Organizing this year’s limited hajj needed “double efforts” by Saudi authorities between the coronavirus pandemic, Saudi King Salman announced Friday after being discharged from hospital following gall bladder surgery.
Only up to 10,000 people already staying in the kingdom are engaging in this year’s pilgrimage, compared with 2019’s hajj gathering of some 2.5 million from around the world.
“Holding the ritual in the shadow of this pandemic… required reducing the numbers of pilgrims, but it obliged various official agencies to put in double efforts,” King Salman expressed in a speech read out on state television by Saudi acting media minister Majid Al-Qasabi.
“The hajj this year was restricted to a very limited number of people from multiple nationalities, ensuring the ritual was completed despite the difficult circumstances,” he read.
The speech came on the event of Eid al-Azha, the Muslim festival of sacrifice, a day after the king left hospital following a 10-day stay for surgery to remove his gall bladder.
The hajj, which began last Wednesday, is one of the five pillars of Islam and a must for able-bodied Muslims at least once in their lifetime.

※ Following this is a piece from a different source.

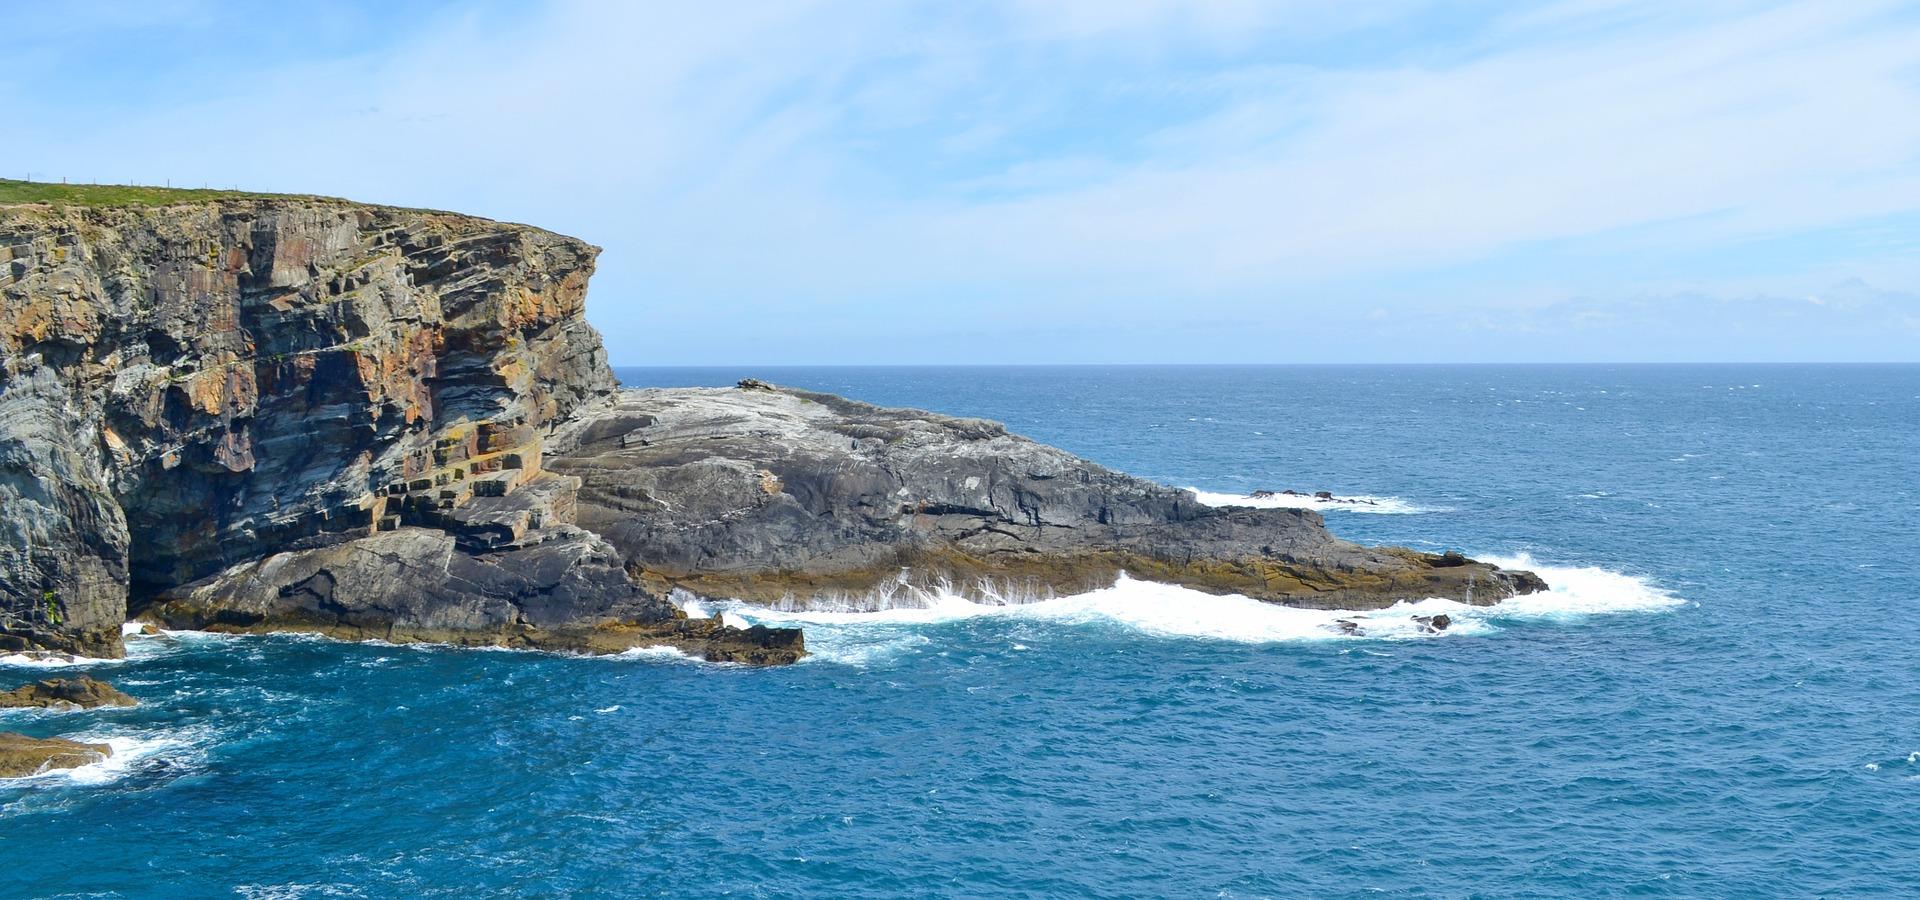 cliff-1477919_1920
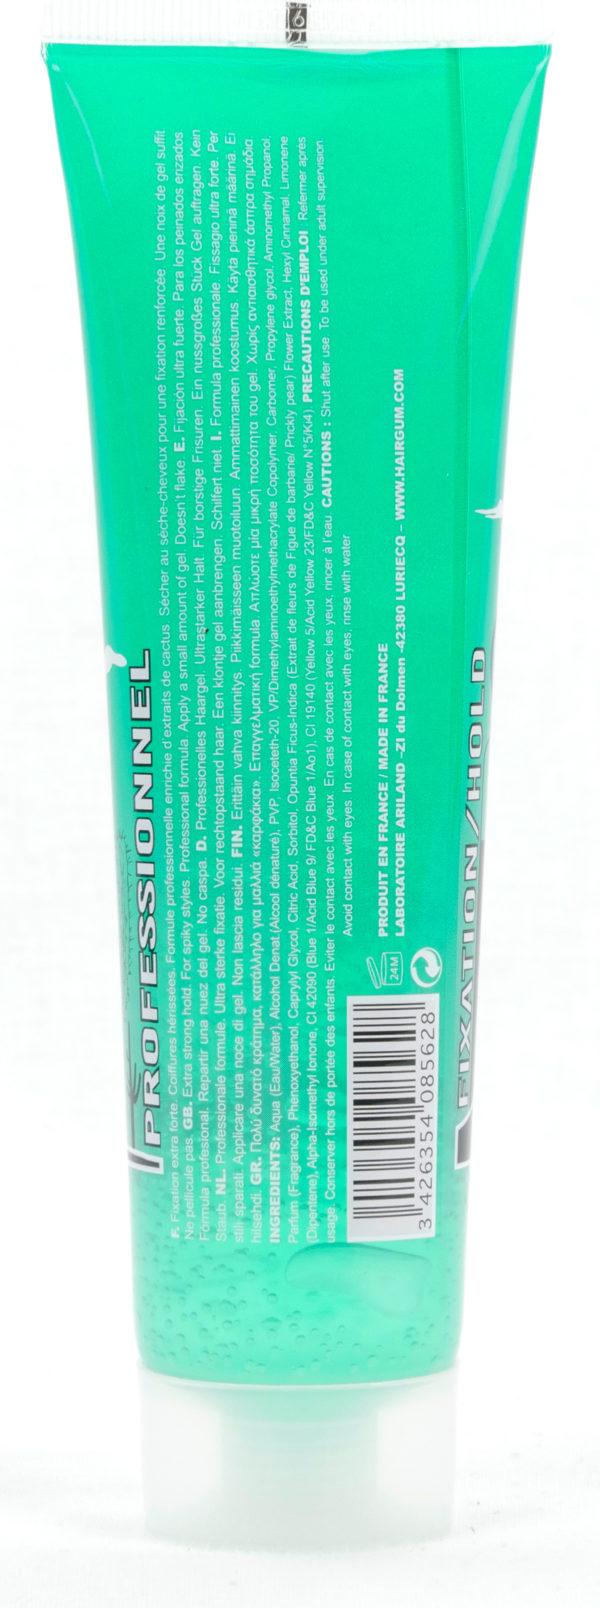 Gel Coiffant - Fixation Extra Forte - Cactus - 100g - Coiffures hérissées - Formule Professionnelle

Authorizations implemented the “highest health precautions” through the rituals, the king declared.
Pilgrims, who were all tested for the virus, are required to wear masks and observe social distancing.
For Friday’s “stoning of the devil”, the last major ritual of the hajj, Saudi authorities offered the pilgrims pebbles that were sanitized to protect against the pandemic.
In a sign that its strict measures were working, the health ministry reported no coronavirus cases in the holy sites on Wednesday or Thursday.